Norman Mailer, l’imprécateur d’une Amérique en crise

Dans moins d'un an, nous fêterons le centenaire de Norman Mailer (1923-2007), le trublion des lettres américaines, avant de savourer les agapes de cette  figure incontournable de la littérature du XXème siècle, retour sur  l'œuvre, la vie et les points de vue d' un auteur hors-norme. Homme de tous les écarts mais fidèle à ses inconstances, il n’a jamais caché l’ambivalence des sentiments qu’il éprouvait pour sa vieille Amérique, ce pays aimé autant qu’haï auquel il a taillé un costume flambant neuf aux dimensions de sa démesure et de ses contradictions par ses pamphlets vengeurs (Pourquoi sommes-nous au Vietnam?), ses romans subversifs (Le chant du bourreau) et ses articles lumineux (sur Oswald, Nixon ou Reagan) réunis aux éditions des Belles Lettres en 1999.

Crochet du style et direct de la prose, Mailer, solide et tendu comme les cordages dans lesquels il aimait se faire photographier pour promouvoir ses romans, en aura fait voir à sa nation chérie, dans un corps à corps éprouvant avec les points aveugles de son idéologie. Fort en gueule plus que fort en thème (car il ne s'embarrasse pas de fioritures), il travaillera jusqu’au bout cette image d’anarchiste enflammé, devenant une figure incontournable de la contre-culture (il créera le Village Voice) aux côtés de Truman Capote, de Hunter S. Thompson et du Tom Wolf des premières années.

Le succès foudroyant de son premier roman les Nus et les Morts sera à la mesure du dézinguage en règle subi par son deuxième opus,  phénomène typiquement américain, la réception d’un auteur devant beaucoup à l’influence des opinions makers, l’équivalent lointain de nos critiques littéraires,  faiseurs de pluie plus que de beau temps dans les colonnes d’une presse à grand tirage qui n’a jamais fait grand cas de la littérature.

Pour éviter que ne se reproduise ce genre de déconvenue, Norman Mailer prendra soin de promouvoir son image d’enfant rebelle en émaillant sa carrière littéraire de scandales en tous genres et de provocations diverses, au risque de passer pour un histrion aux yeux du grand public. Défiant la police, narguant les politiques, invectivant les médias dès qu’on lui tendait un micro (ou qu’il le saisissait de lui-même), ses prises de positions radicales, contre la raison d’Etat notamment,  lui causeront pas mal de déboires. L’homme aux cheveux en bataille et au regard perçant, laissant toujours traîner un petit sourire après avoir balancé ses vacheries,  est pourtant bien plus complexe qu’il n’y paraît.

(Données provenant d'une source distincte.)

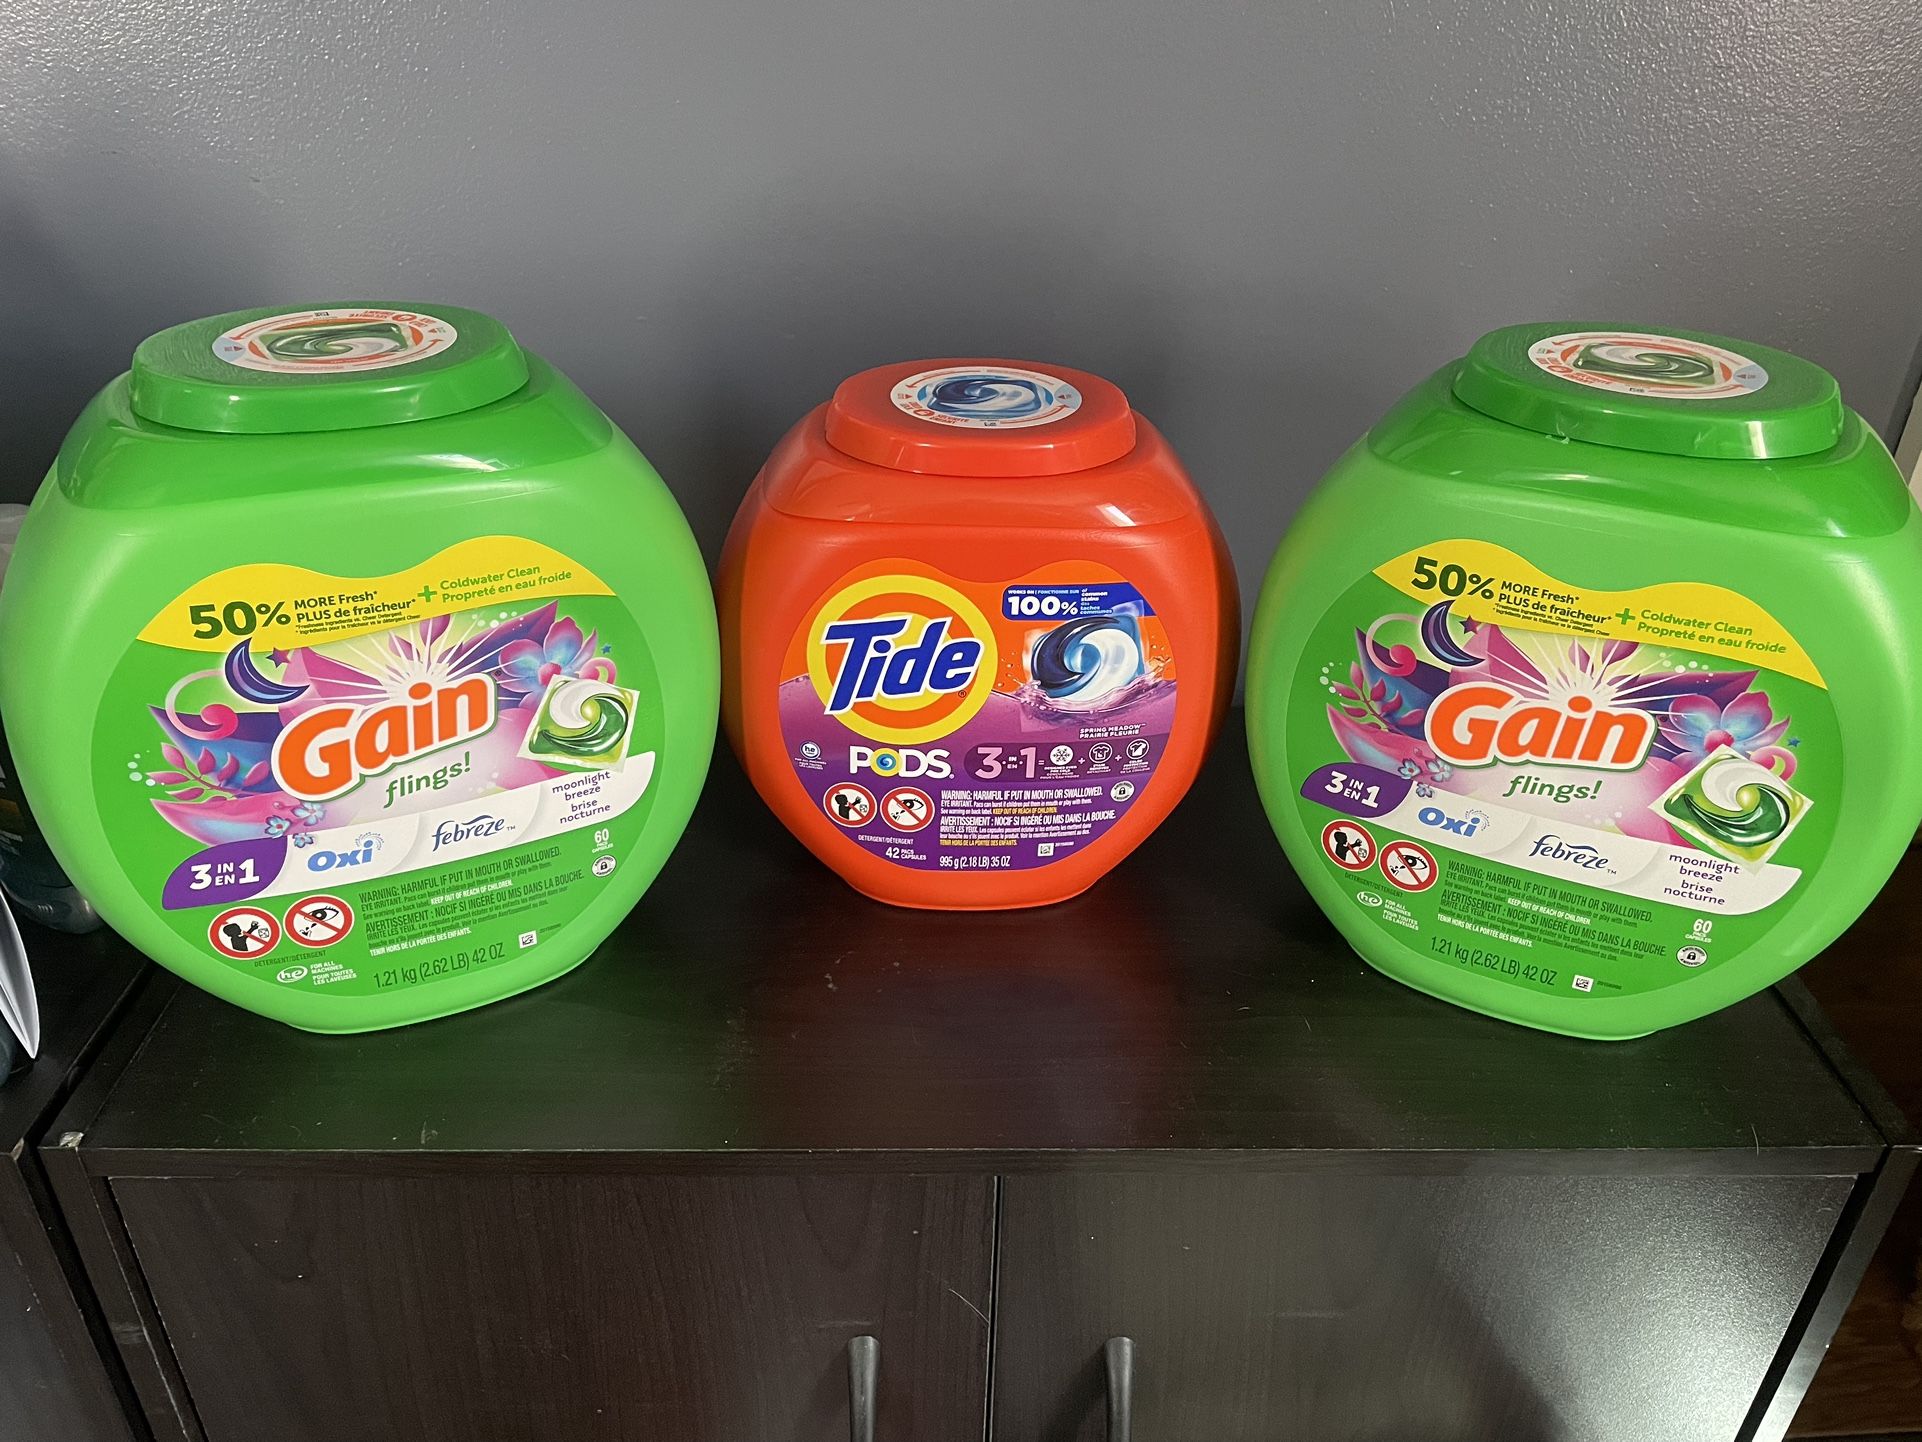 Laundry Pods, Gain And Tide
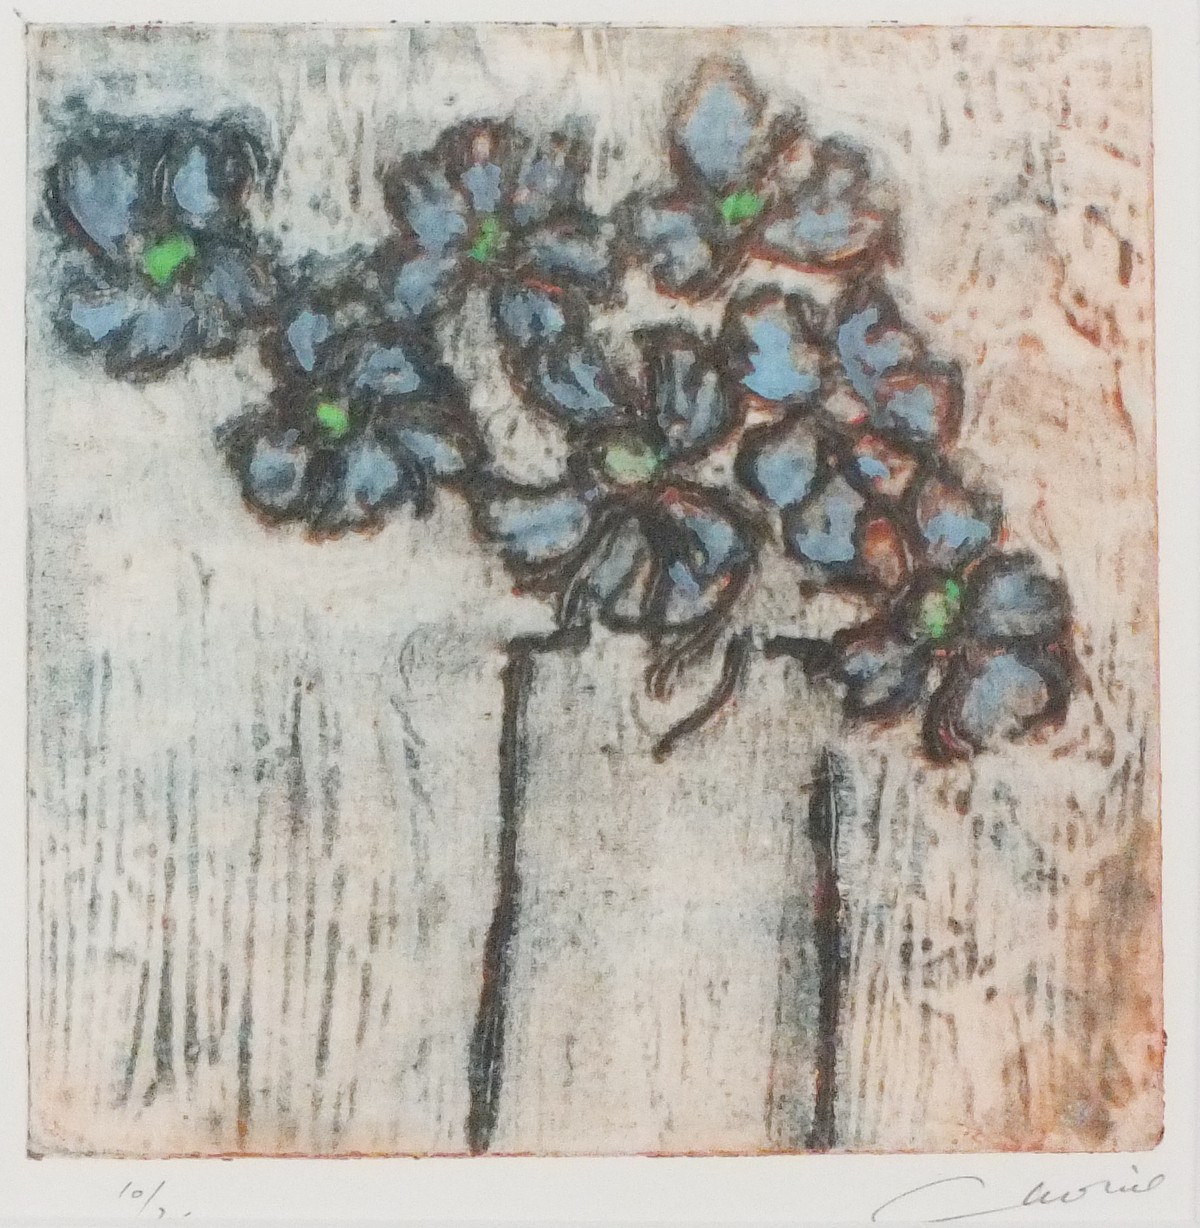 Ian LAURIE (British b. 1933) Forget-Me-Nots, Etching, Signed lower right, numbered 10/25?, 6.5" x
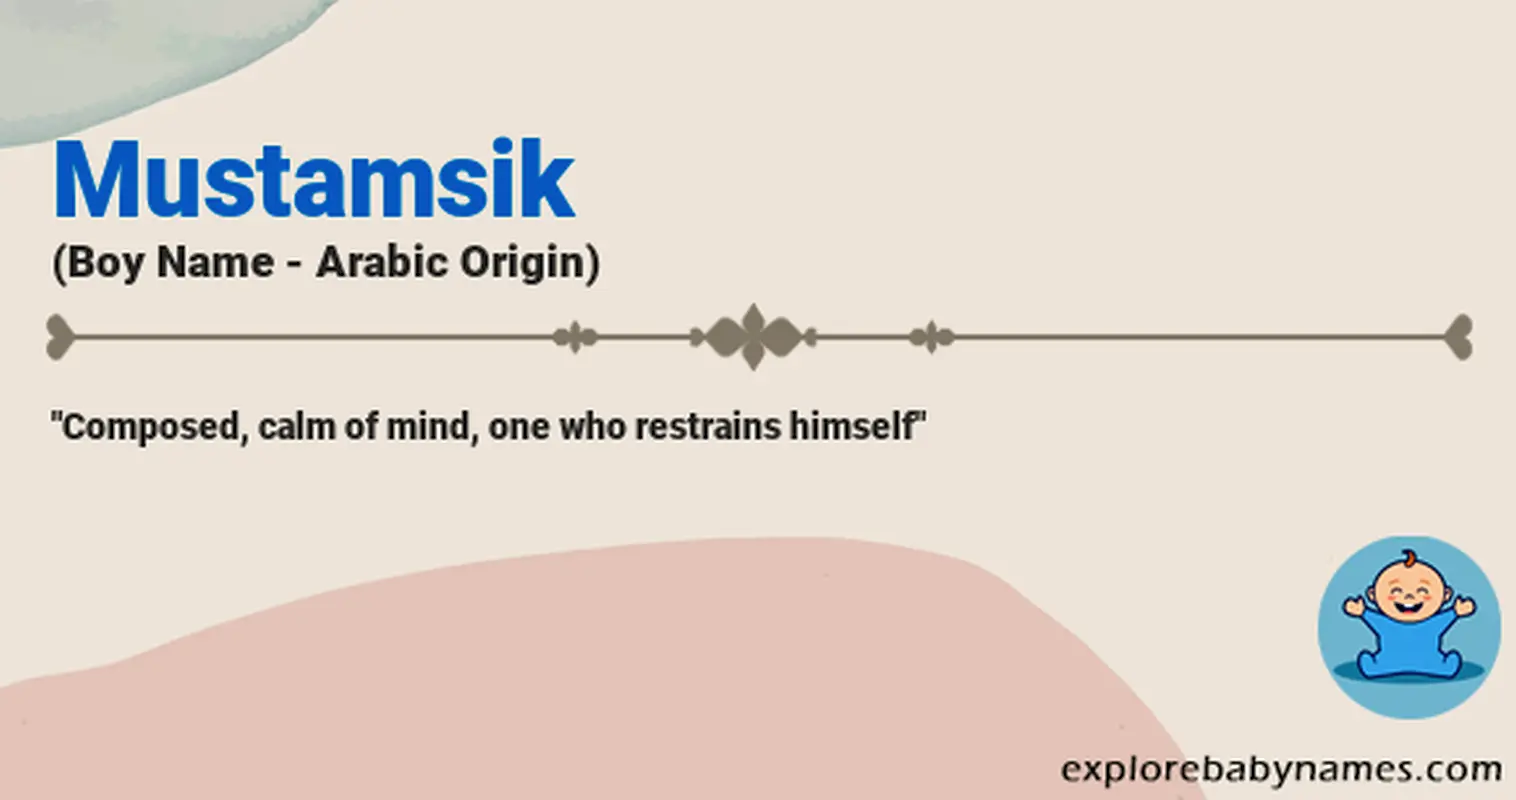 Meaning of Mustamsik
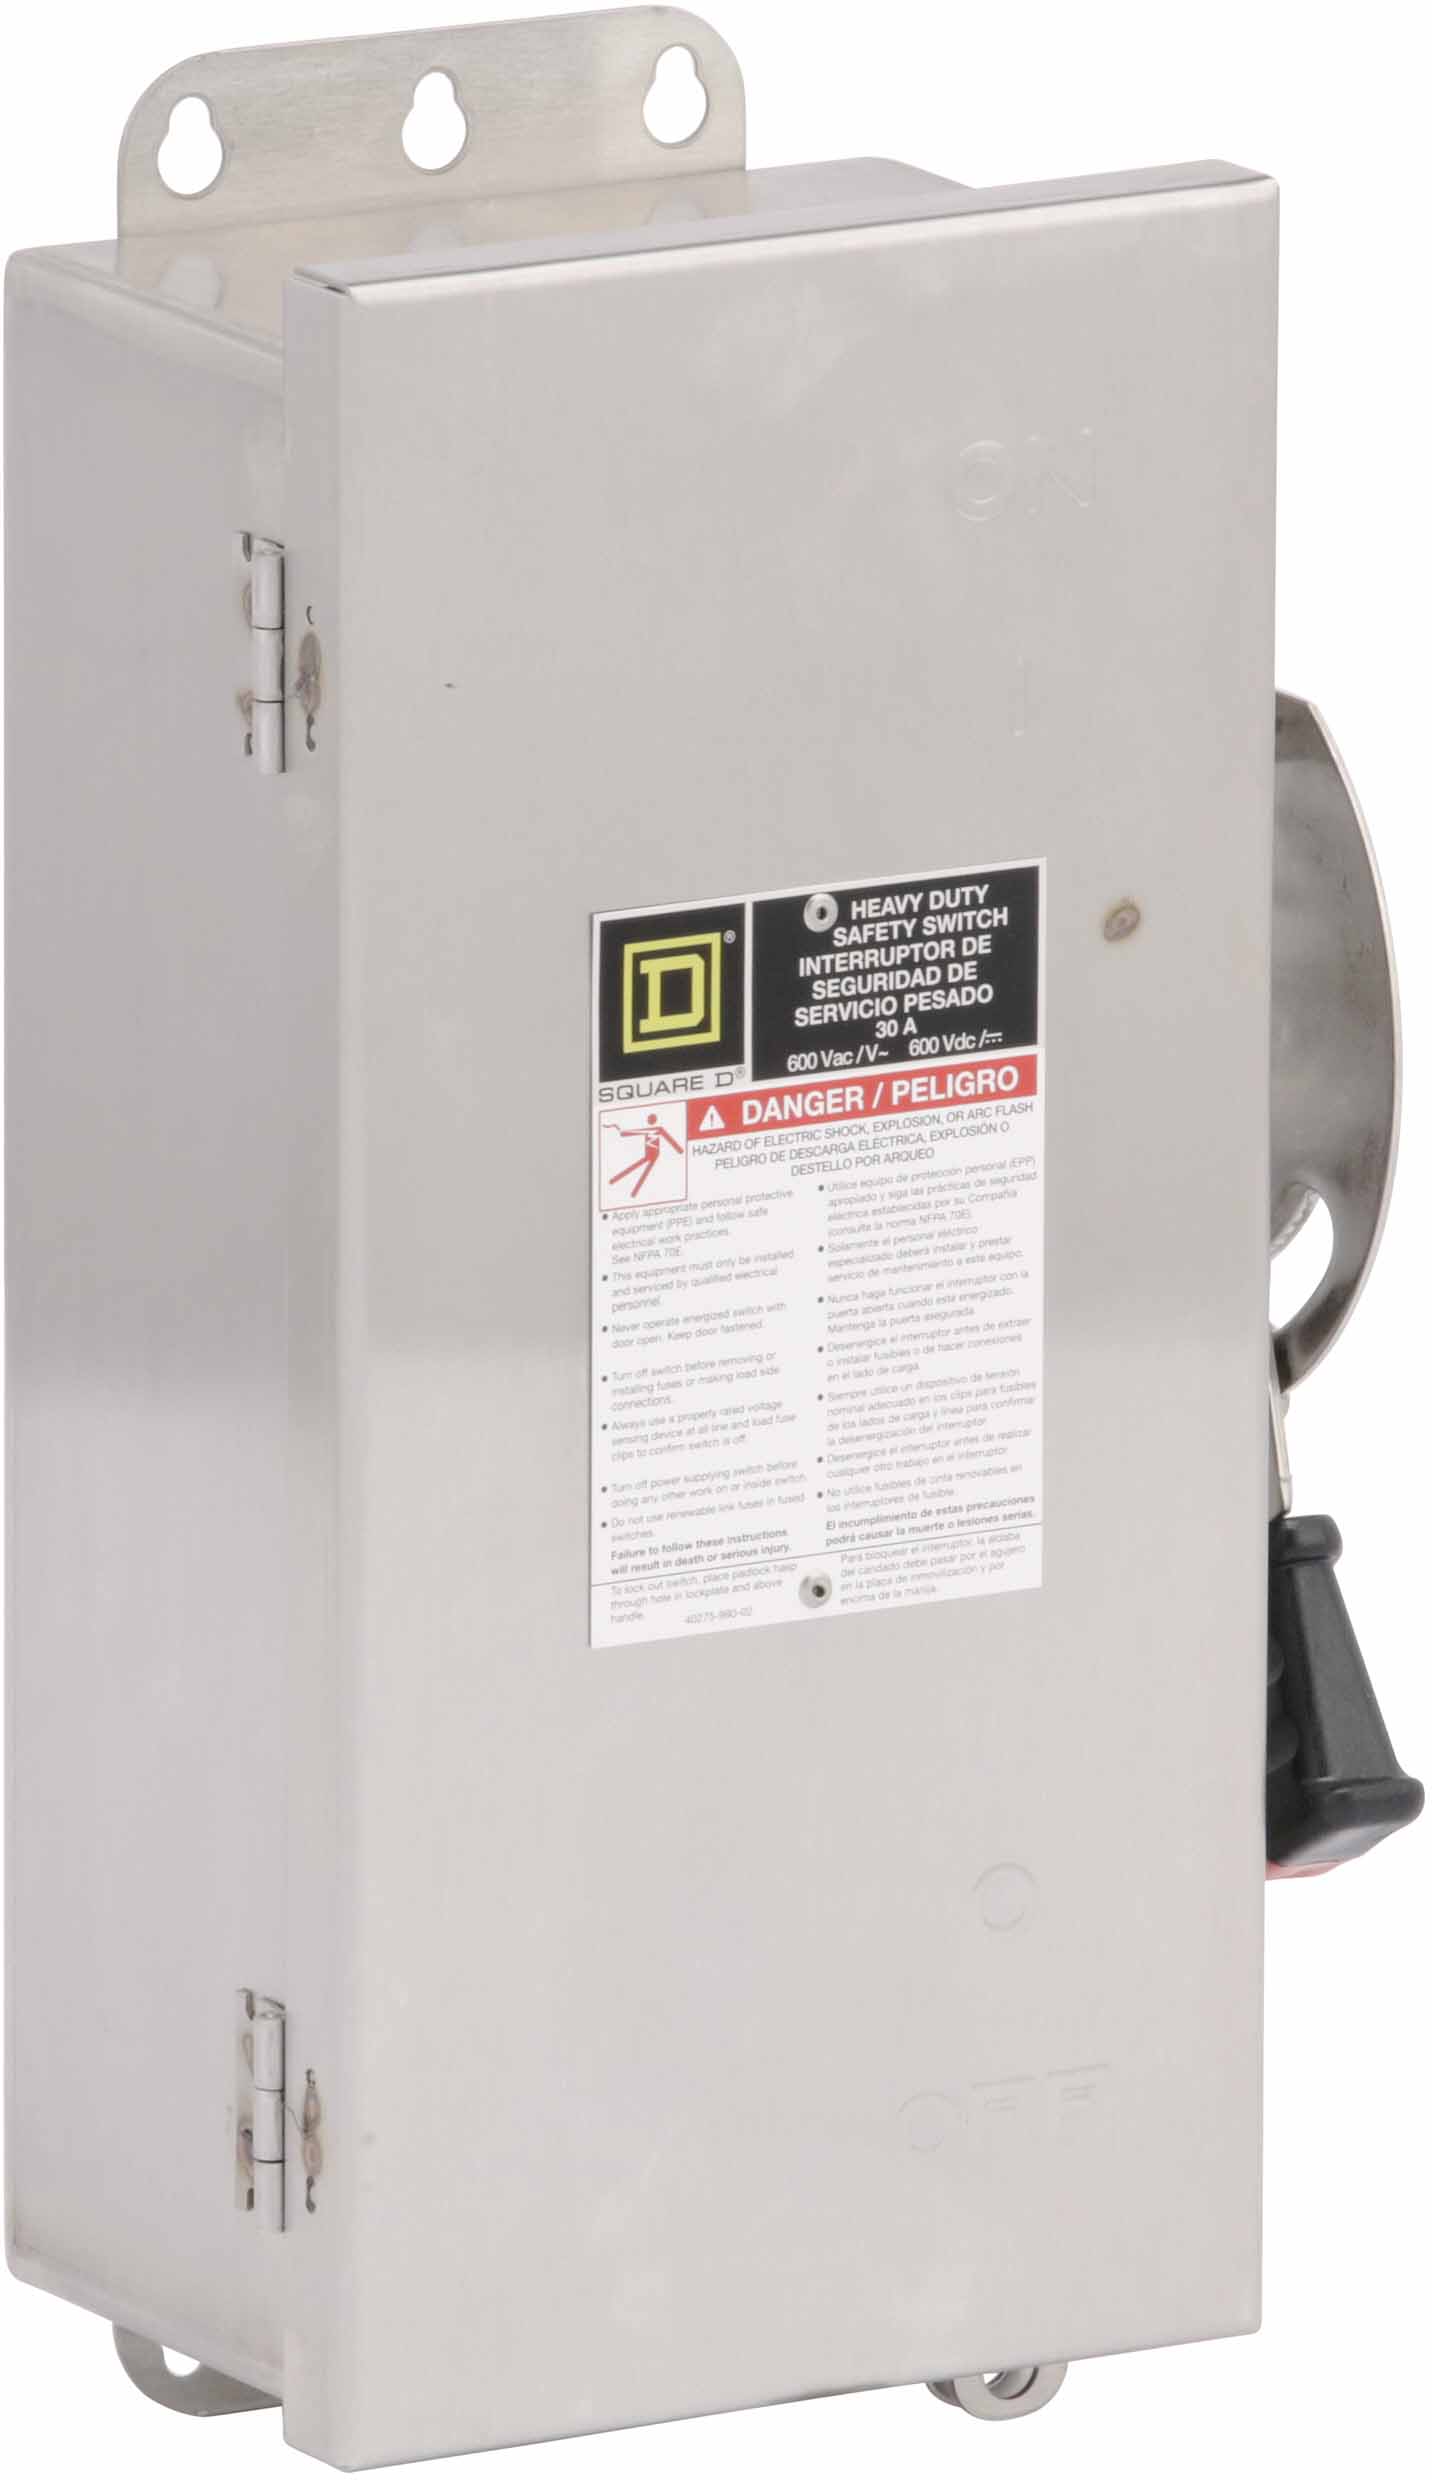 HU361DS - Square D - Disconnect and Safety Switch

Ode au guerrier récalcitrant

Pour ce dernier, qui disait à 15 ans dans une lettre à sa mère pouvoir rivaliser avec Maïmonide, Einstein et Karl Marx (ses maîtres à penser), tout événement historique est d’abord un matériau propice à travailler son écriture, urgente, concrète et abrasive. De la matière, l’expérience de la guerre sur un atoll japonais lui en fournira et de la plus brûlante. Après avoir procédé au relevé clinique des événements, tel Hemingway ou Dos Passos, méthode glaciale qui le fera passer pour un type insensible, il passera au tamis de son ironie triste les idéologies à l’œuvre, mettant à jour un certain nombre d’impensés de la psyché américaine dont la paranoïa et son corollaire, la violence, en tout cas, un certain désir de violence, qui lui semble dans sa typologie, n’appartenir qu’à l’Amérique contemporaine.

 Physionomie de la paranoïa, généalogie de la violence

 La paranoïa résulte selon lui d’un  désir irrépressible de chercher le conflit, réflexe d’une nation qui ne peut s’empêcher d’ éprouver, après une époque de forte prospérité qu’elle n’espérait plus,  le besoin de se fabriquer des ennemis, tout ce qui peut menacer son hégémonie culturelle et sa suprématie économique constituant le prétexte parfait pour déclarer la guerre aux pays qui se risquent à remettre en question la légitimité de ses principes, de Cuba au Vietnam, entre autres.

Quant à la violence tapie à chaque angle de rue et dans le plus petit recoin d’espace mental, c’est le désir inassumé de retrouver les sensations primitives qu’un monde désincarné, symbolisé par l’omniprésence de la matière plastique, a contribué à étouffer, qui en serait la cause. Cet empire du faux, ce cauchemar climatisé, ce monstre doux (Enzo Traverso) émousse les sensations de l’Américain moyen qui n’en peut plus de ferrailler dans les limites de son puritanisme, auquel il consent cependant, qu’il promotionne et dont il souffre dans sa chair, relevant de la plus pure hypocrisie derrière un moralisme de façade, aboutissant de ce fait à un refoulement mortifère dont la guerre froide symbolise  l’apogée.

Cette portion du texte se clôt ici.